* Assignment *
In the entries that follow, how many lines hold the string "University"? Give only that number.

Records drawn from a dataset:

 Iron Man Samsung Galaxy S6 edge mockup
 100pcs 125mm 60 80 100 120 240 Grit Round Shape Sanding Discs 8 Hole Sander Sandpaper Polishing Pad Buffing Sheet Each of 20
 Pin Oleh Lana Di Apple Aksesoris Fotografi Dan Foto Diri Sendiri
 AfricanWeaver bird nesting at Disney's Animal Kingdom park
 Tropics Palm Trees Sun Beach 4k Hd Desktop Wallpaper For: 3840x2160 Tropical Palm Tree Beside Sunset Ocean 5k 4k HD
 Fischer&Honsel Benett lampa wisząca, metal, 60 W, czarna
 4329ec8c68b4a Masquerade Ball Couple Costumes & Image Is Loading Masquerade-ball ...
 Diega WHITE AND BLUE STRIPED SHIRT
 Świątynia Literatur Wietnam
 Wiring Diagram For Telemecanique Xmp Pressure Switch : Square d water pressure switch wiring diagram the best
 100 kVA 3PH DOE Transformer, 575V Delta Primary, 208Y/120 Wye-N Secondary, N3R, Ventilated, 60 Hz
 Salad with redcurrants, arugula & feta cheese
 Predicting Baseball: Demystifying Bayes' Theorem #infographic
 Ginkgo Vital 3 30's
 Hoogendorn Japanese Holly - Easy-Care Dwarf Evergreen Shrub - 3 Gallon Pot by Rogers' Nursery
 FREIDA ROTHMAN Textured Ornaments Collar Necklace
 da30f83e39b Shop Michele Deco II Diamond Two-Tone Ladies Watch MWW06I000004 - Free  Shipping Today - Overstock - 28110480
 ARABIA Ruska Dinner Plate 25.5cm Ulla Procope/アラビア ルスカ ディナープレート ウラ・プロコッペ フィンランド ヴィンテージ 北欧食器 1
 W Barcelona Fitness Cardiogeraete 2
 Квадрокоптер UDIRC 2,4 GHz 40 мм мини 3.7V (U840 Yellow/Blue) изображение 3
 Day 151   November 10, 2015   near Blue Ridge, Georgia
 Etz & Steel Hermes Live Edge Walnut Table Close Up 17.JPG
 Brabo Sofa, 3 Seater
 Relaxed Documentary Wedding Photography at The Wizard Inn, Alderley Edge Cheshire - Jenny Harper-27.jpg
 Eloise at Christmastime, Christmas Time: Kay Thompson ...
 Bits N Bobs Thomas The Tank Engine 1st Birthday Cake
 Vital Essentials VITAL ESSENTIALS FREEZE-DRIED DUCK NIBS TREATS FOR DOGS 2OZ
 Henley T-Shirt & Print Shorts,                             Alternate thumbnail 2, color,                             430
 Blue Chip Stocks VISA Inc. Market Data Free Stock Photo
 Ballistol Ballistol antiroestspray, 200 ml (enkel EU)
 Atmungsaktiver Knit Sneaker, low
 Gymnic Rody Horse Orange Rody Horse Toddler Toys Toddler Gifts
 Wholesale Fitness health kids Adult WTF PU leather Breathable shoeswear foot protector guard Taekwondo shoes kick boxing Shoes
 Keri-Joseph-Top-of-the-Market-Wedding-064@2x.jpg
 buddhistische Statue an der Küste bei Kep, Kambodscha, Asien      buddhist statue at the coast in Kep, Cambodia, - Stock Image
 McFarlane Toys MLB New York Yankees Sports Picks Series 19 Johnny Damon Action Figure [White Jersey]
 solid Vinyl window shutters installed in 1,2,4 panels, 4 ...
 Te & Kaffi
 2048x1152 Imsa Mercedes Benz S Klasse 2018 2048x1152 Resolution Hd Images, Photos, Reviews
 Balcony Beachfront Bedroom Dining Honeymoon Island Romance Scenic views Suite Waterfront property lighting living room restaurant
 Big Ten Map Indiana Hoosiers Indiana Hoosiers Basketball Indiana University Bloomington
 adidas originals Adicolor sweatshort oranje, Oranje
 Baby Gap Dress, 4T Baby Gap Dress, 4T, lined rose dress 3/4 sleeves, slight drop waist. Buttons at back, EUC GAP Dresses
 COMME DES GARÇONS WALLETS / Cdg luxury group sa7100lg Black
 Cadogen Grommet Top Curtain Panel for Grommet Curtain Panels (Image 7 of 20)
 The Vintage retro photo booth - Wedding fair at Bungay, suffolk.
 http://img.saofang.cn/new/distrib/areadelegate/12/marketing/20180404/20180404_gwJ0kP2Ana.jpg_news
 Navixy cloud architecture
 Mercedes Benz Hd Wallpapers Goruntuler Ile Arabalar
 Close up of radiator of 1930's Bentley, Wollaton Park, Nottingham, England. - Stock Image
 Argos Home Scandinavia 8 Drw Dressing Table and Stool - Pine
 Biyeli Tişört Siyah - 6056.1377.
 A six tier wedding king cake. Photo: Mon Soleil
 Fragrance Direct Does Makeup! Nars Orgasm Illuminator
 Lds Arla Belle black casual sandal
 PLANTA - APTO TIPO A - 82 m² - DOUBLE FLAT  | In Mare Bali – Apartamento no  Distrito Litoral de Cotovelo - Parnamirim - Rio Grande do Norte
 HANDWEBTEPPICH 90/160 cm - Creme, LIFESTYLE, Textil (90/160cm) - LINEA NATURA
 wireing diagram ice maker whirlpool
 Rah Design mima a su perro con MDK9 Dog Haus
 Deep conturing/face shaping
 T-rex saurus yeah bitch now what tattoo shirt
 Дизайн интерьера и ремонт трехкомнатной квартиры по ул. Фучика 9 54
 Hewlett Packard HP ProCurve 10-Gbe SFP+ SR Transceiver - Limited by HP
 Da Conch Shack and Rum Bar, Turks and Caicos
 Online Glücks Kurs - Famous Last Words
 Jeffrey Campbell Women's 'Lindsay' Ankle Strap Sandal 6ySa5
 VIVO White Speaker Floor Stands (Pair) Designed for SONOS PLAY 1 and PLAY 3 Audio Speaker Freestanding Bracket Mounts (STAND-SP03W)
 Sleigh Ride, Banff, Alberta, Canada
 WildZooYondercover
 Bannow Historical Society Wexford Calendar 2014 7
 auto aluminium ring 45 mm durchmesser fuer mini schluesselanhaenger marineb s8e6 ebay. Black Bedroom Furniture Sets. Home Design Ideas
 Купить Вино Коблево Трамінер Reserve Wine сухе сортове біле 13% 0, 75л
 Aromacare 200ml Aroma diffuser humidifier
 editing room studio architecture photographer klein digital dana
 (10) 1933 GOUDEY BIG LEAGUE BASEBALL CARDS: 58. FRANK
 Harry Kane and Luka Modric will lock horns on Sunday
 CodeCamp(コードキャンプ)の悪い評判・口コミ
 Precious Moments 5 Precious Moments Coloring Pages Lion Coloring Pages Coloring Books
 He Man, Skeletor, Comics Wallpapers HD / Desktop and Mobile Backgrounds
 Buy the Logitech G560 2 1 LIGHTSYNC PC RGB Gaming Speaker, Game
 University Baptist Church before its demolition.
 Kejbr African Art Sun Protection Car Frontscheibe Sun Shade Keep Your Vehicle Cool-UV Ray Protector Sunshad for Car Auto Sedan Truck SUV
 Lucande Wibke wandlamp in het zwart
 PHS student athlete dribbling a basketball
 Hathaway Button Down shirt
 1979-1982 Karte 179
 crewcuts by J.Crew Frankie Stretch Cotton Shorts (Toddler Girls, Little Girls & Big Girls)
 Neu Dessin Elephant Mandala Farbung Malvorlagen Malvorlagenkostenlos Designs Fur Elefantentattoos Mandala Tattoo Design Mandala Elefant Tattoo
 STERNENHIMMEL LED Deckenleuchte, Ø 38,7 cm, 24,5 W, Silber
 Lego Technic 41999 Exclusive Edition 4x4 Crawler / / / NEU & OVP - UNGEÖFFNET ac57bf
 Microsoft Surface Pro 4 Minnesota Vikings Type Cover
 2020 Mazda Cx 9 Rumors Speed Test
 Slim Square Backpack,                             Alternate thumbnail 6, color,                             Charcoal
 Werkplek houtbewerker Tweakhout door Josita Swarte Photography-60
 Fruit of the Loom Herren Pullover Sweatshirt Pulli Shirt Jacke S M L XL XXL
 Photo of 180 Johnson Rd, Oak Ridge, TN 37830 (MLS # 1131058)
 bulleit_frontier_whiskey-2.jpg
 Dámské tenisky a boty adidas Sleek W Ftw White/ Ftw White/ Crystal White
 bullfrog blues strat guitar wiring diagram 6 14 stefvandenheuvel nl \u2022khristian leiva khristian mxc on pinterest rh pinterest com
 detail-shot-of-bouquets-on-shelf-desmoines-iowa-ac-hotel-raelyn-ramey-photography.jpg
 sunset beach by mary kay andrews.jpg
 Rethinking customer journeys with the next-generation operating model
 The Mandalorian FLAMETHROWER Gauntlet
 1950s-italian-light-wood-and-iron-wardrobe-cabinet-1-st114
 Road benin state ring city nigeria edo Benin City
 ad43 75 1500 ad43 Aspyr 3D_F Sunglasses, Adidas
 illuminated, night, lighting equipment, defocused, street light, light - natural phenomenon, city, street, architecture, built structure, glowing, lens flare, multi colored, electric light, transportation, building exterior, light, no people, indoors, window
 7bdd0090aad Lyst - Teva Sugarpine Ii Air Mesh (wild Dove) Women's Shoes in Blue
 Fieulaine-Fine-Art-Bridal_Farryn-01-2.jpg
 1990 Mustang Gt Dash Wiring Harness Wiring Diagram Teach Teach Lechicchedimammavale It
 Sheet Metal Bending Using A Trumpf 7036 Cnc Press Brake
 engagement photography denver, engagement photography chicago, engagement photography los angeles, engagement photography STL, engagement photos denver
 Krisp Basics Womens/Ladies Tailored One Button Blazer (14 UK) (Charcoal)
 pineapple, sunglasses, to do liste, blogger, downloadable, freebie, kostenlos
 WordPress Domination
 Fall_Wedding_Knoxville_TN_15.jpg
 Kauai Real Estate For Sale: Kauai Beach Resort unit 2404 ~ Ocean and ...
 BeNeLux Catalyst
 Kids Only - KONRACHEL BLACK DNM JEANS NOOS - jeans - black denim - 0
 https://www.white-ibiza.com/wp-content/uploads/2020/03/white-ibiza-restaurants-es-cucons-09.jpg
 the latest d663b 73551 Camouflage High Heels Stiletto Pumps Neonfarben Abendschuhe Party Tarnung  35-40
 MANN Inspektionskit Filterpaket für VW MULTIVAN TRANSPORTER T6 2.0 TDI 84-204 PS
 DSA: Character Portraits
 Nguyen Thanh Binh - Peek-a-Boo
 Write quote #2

* Response box *
2